United States District Court, Seventh Circuit

December 12, 2013

CAROLYN COLVIN, Acting Commissioner, Social Security Administration, [1] Defendant.


YOUNG B. KIM, Magistrate Judge.

Before the court is Plaintiff Hector Ibarra-Montufar's motion for fees and costs pursuant to the Equal Access to Justice Act ("EAJA"), 28 U.S.C. §§ 2412(a), (d). Ibarra-Montufar argues that he is entitled to $10, 681.59 in fees and $18.30 in costs as a "prevailing party" under EAJA. The motion for fees is granted for the following reasons:


In April 2009, Ibarra-Montufar applied for disability insurance benefits pursuant to sections 216(i) and 223(d) of the Social Security Act, alleging that he became disabled on January 3, 2009, as a result of degenerative disk disease. (Administrative Record ("A.R.") 102-03.) After the Social Security Administration denied Ibarra-Montufar's claims initially, (id. at 54), and then again on reconsideration, (id. at 60), Ibarra-Montufar requested and received a hearing before an administrative law judge ("ALJ"), (id. at 66). The ALJ conducted a hearing and issued a decision finding Ibarra-Montufar not disabled. ( Id. at 20-27.) Ibarra-Montufar filed this action for review of the Commissioner's final decision, and the parties subsequently consented to the jurisdiction of this court. (R. 1, 9.) On May 30, 2013, the court granted Ibarra-Montufar's motion for summary judgment and remanded the case for further proceedings. (R. 33-35.)
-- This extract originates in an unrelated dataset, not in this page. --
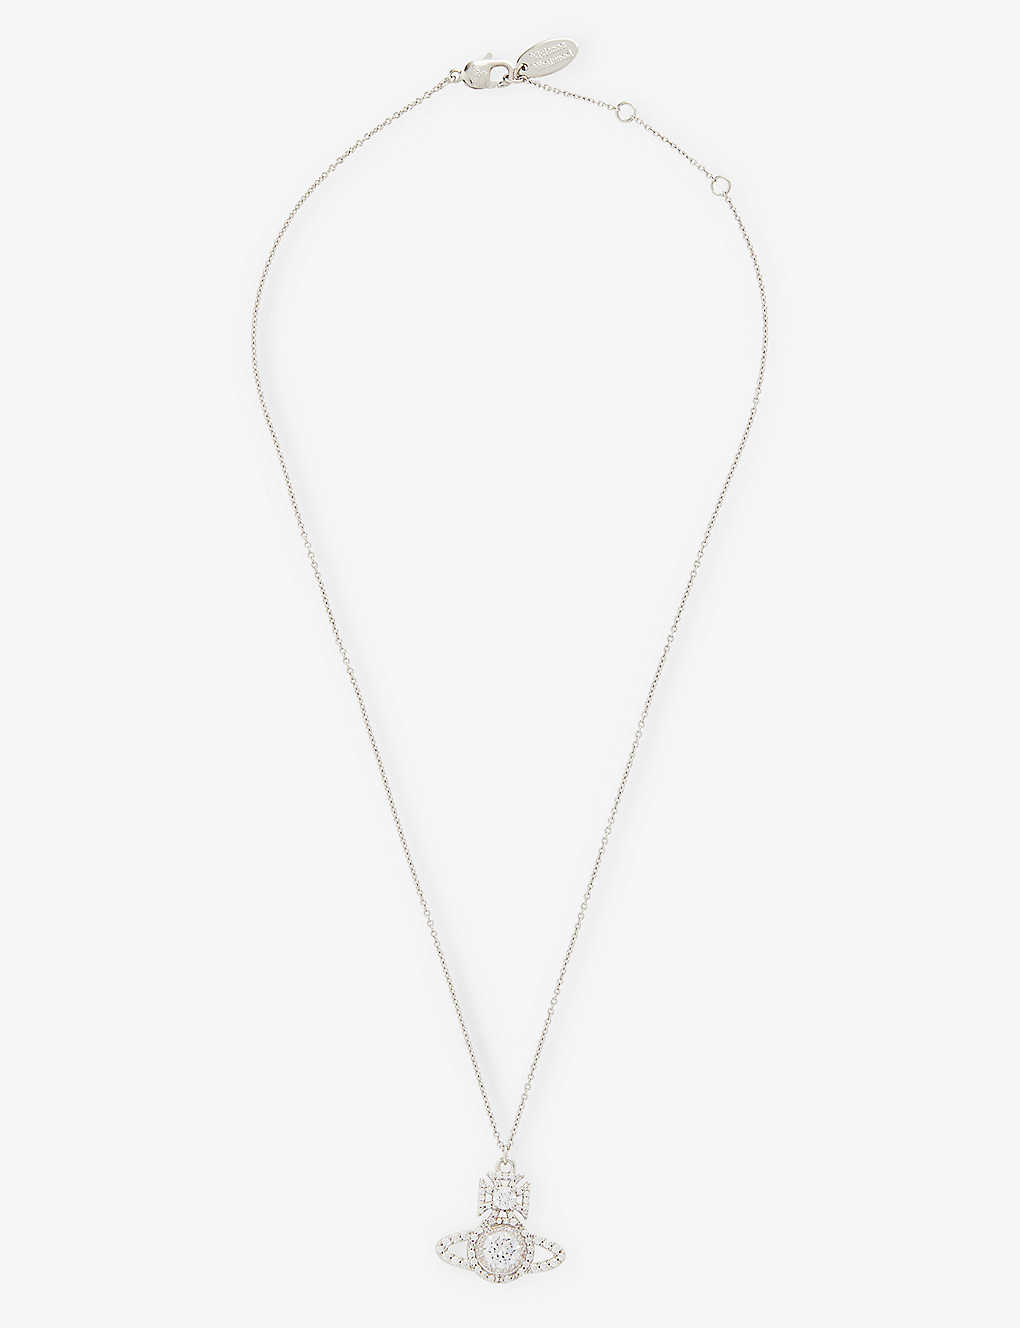 Vivienne Westwood Jewellery Norabelle Brass And Cubic Zirconia Necklace In Platinum / White Cz

As a "prevailing party, " Ibarra-Montufar now seeks an award of $10, 681.59[2] in attorney and legal assistant fees and $18.30 in costs under EAJA. This requested award involves an hourly attorney rate of $184.25 billed primarily in the month of June 2012. (R. 36-3, EAJA Itemization of Time.) The Commissioner does not contest Ibarra-Montufar's entitlement to recover fees or costs, but she contends that both the number of hours worked and the hourly rate charged are excessive and should be reduced. Additionally, the Commissioner argues that any EAJA award should be granted as payable directly to Ibarra-Montufar, not to his attorney, pending confirmation that Ibarra-Montufar does not owe a pre-existing debt to the government.


Pursuant to EAJA, an award of attorney fees "shall be based upon prevailing market rates for the kind and quality of the services furnished, except that... attorney fees shall not be awarded in excess of $125.00 per hour unless the court determines that an increase in the cost of living... justifies a higher fee." 28 U.S.C. § 2412(d)(2)(A)(ii); Bias v. Astrue, No. 11 C 2247, 2013 WL 615804, at *1 (N.D. Ill. Feb. 15, 2013). In 2008 the Seventh Circuit recognized that "given the passage of time since the establishment of the hourly rate, a cost-of-living adjustment is warranted." Tchemkou v. Mukasey, 517 F.3d 506, 512 (7th Cir. 2008). EAJA does not automatically entitle an attorney to a cost-of-living adjustment, however, and one is not presumed despite the fact that the $125 cap rate was set more than 17 years ago in March 1996. Mathews-Sheets v. Astrue, 653 F.3d 560, 563 (7th Cir. 2011). As the Seventh Circuit explained in Mathews-Sheets, "[i]nflation affects different markets, and different costs in the same market, in different ways, " such that a lawyer seeking an adjustment because of an increase in the cost of living must show that "inflation has increased the cost of providing adequate legal service to the person seeking relief against the government." Id. However, "[t]he Mathews-Sheets court did not describe any particular method or manner by which a lawyer might demonstrate that inflation has increased the cost of legal services to persons seeking redress against the government." Shipley v. Astrue, No. 10 CV 1311, 2012 WL 1898867, at *3 (S.D. Ill. May 23, 2012). This absence of guidance has led to numerous interpretations of what a litigant must prove when seeking a cost of living increase under EAJA.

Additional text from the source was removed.